Coding a domain specific text generator

2023-01-24 01:11 问答作者：

A friend of mine is in the real estate business and after being showed the art of writing copy for real estate ads, I realized that it is very formulaic. Especially when advertising online as there are predefined fields you fill in.

Naturally, I thought about creating a generator that pretty much automates writing 开发者_运维技巧the ads. i don't expect it to generate outstanding or even very good copy, just that it can put together words and sentences like a human would.

I have a skeleton/template that defines an ad and I've also put together a set of phrases and words that can be randomly selected, but I am interested in more general aspects of coding such a generator? Any suggestions, tips or literature that I can read to better understand this little project better?

using metadata about the listing would be one way.

Say for a given house, you have these attributes:

(type: bungalo, sq feet: <= 1400) You could use the phrase "cozy cottage".

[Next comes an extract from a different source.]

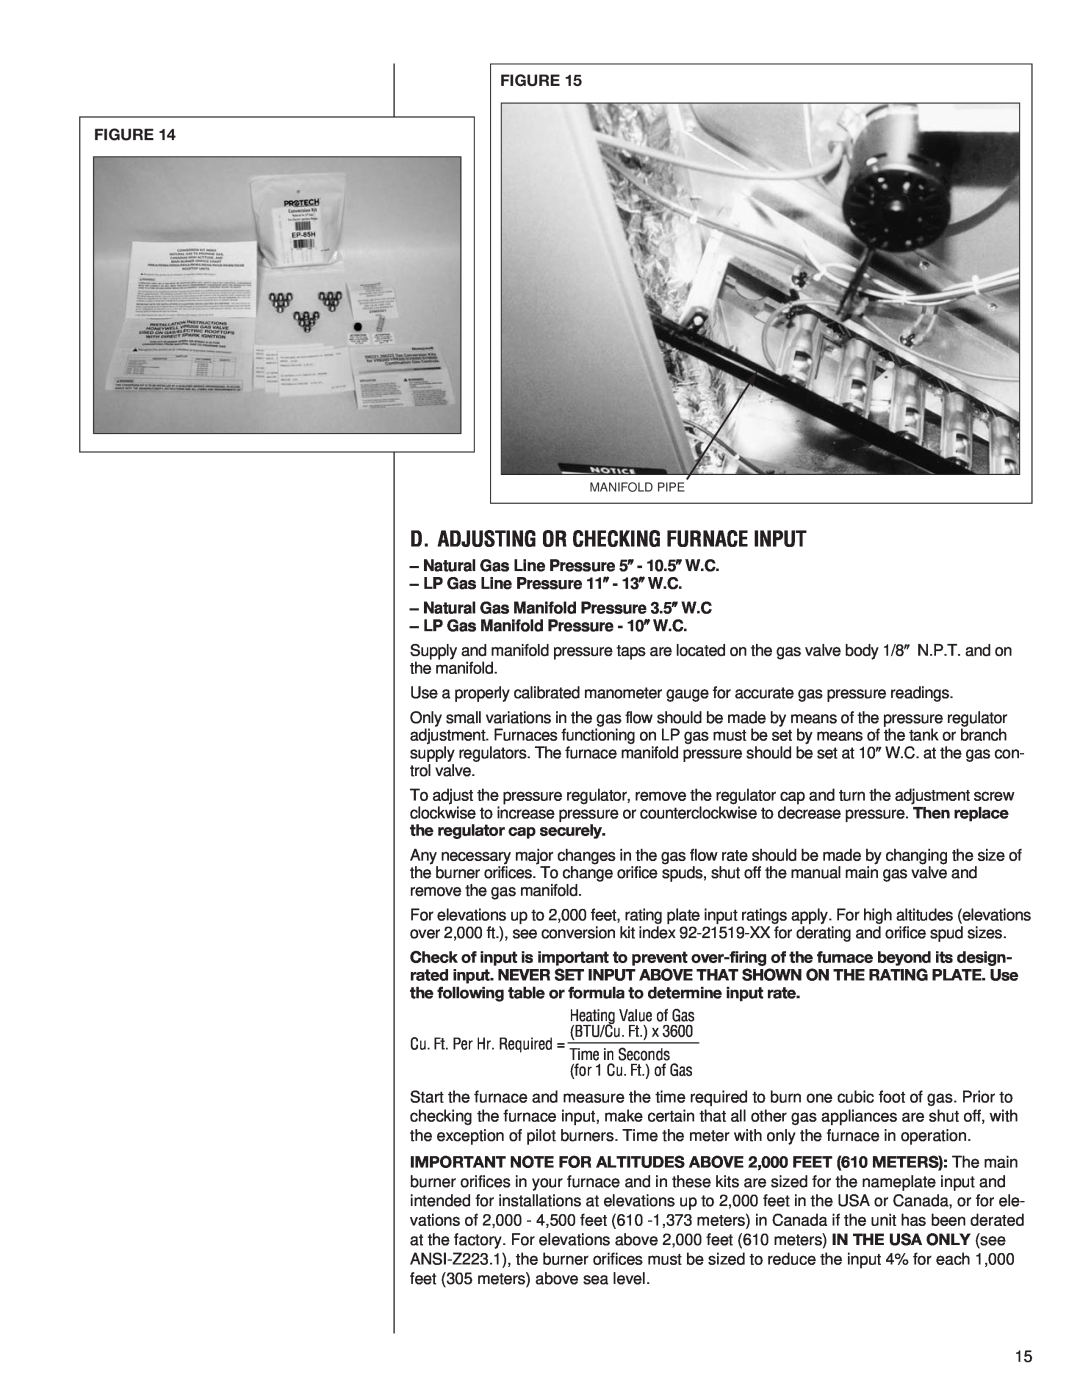 Heat Controller A-13 installation instructions D. Adjusting Or Checking Furnace Input

bedrooms: obvious, same thing with bathrooms. Assume using the word Large, medium, etc.

garage spots: if > 2 then "Can park many vehicles", etc.

You could go even further with this given the lat/lon for the address, there are web services that you can find the amount of parks nearby, crime in the neighborhood, etc.

Rick

I'd say there are three basic approaches you could take to a problem like this, depending on how flexible you want the system to be and on how much work you want to put into it. The simplest is to treat it as a report generation problem, along the lines of Rick's suggestion. That's probably the way I'd go to produce a first draft of a listing. The results would be pure boilerplate, but each listing could be quickly punched up by the copywriter.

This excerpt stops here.